- Task -
Pictures in the data should be dropped; transcribe exactly the lines from the one that has "КП в Европе" through the one that has "บิล คลินตัน เคยเจอ'มรสุม".

- Records supplied -
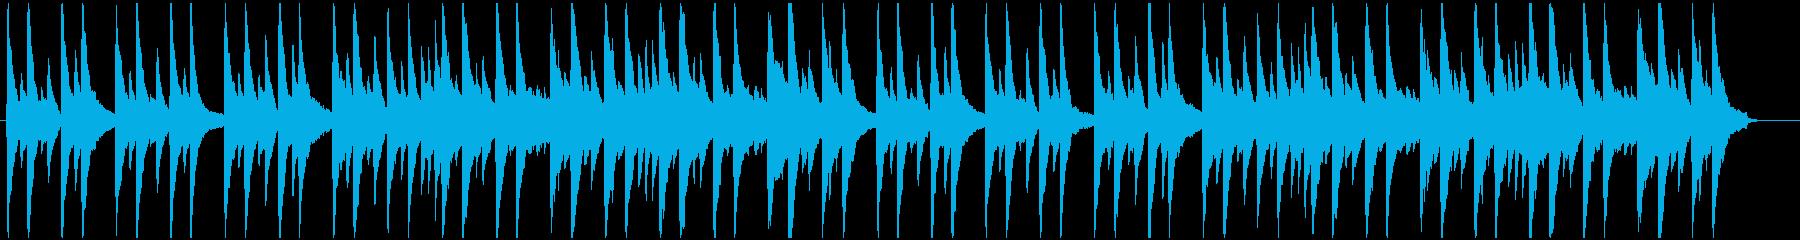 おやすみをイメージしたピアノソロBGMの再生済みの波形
...
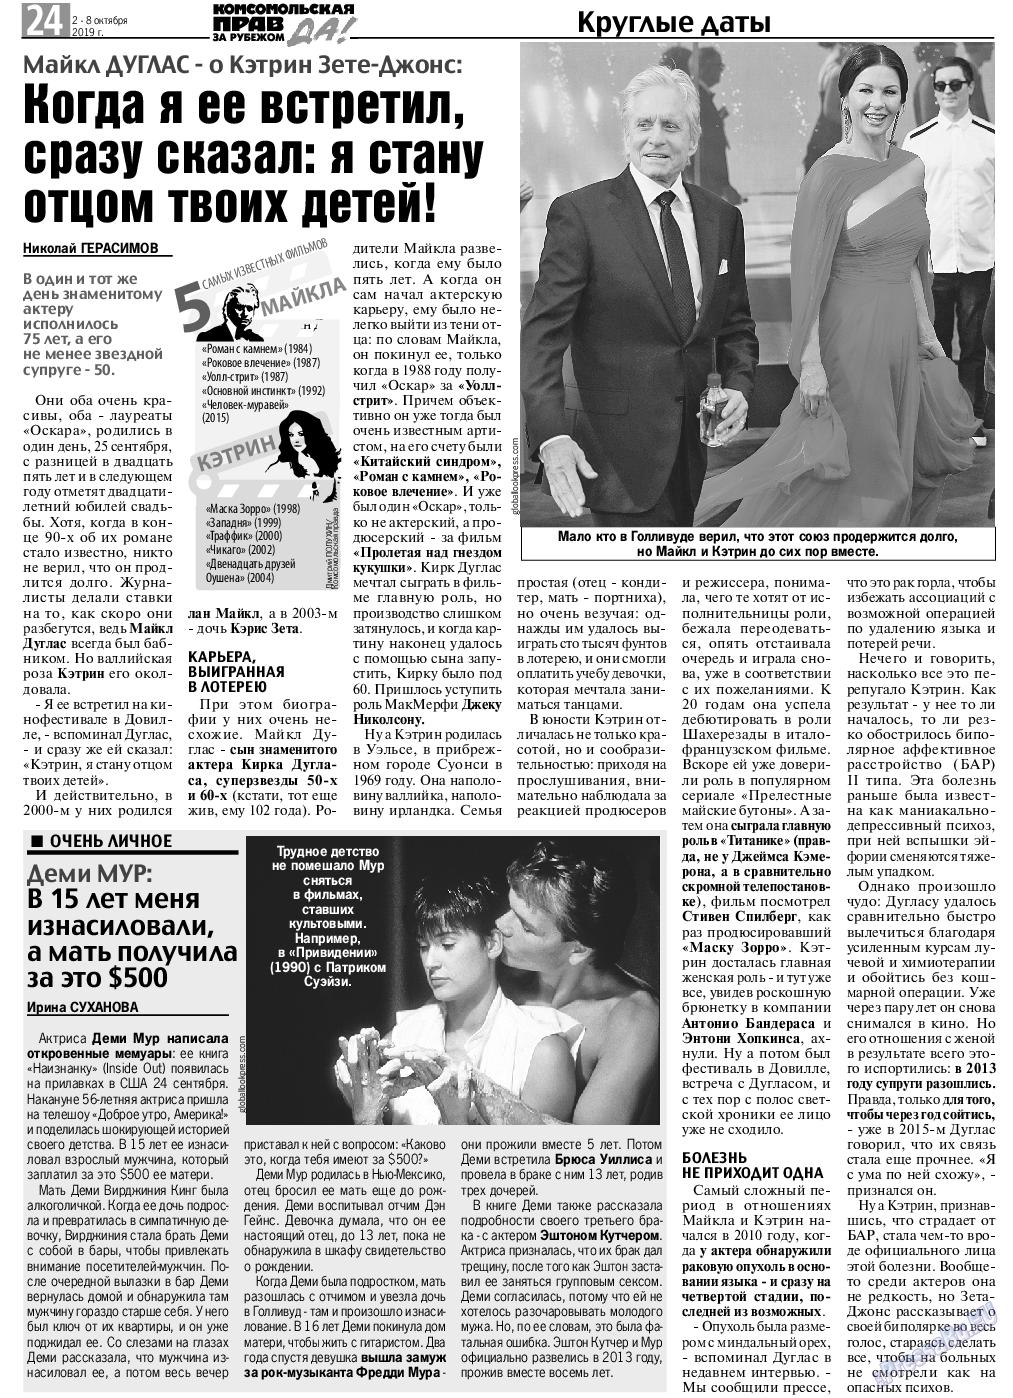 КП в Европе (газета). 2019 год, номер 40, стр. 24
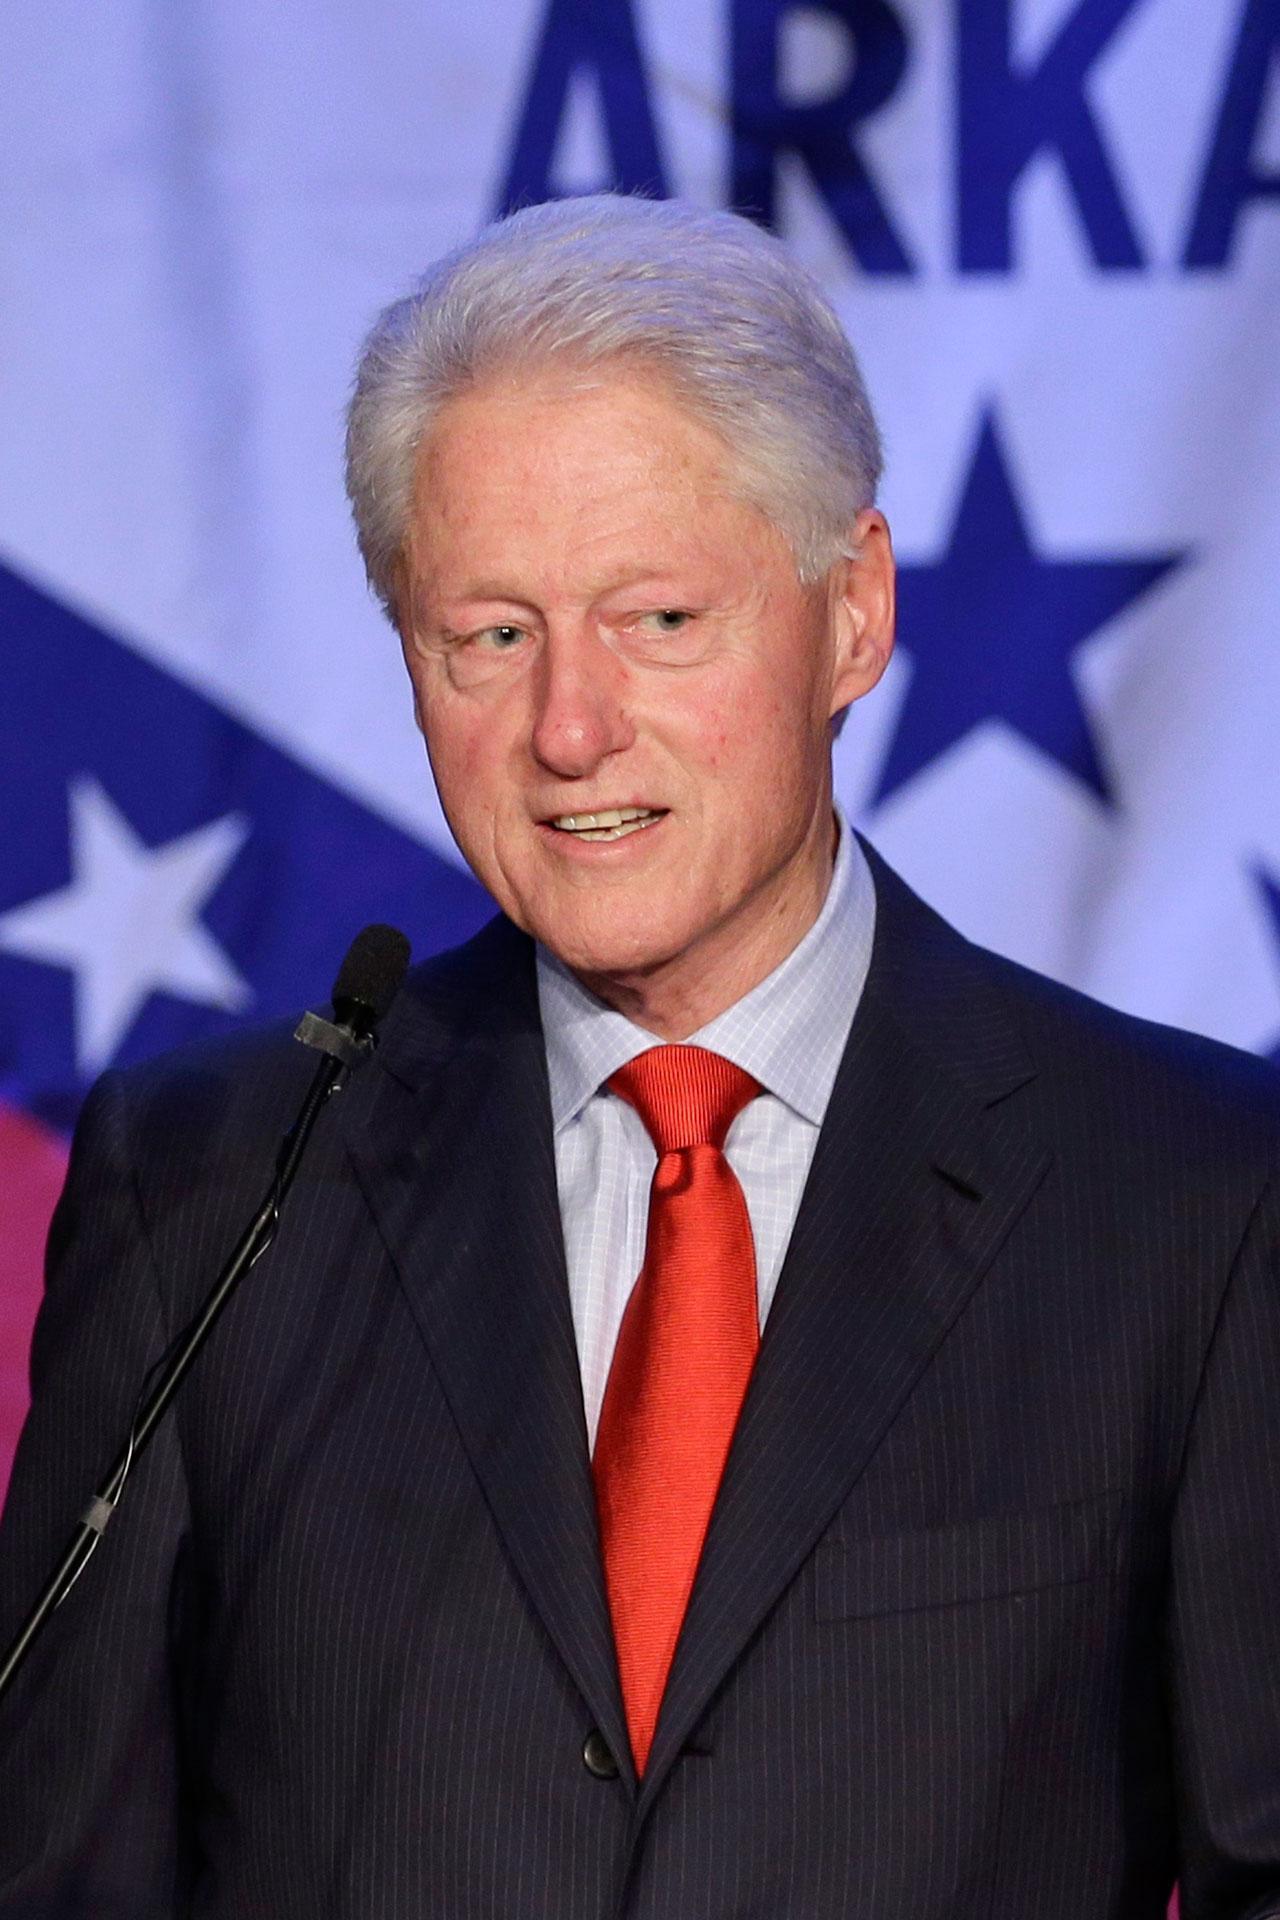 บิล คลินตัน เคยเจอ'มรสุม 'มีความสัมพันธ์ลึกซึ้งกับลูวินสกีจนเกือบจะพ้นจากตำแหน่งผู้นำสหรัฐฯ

- Response below -
 КП в Европе (газета). 2019 год, номер 40, стр. 24
 บิล คลินตัน เคยเจอ'มรสุม 'มีความสัมพันธ์ลึกซึ้งกับลูวินสกีจนเกือบจะพ้นจากตำแหน่งผู้นำสหรัฐฯ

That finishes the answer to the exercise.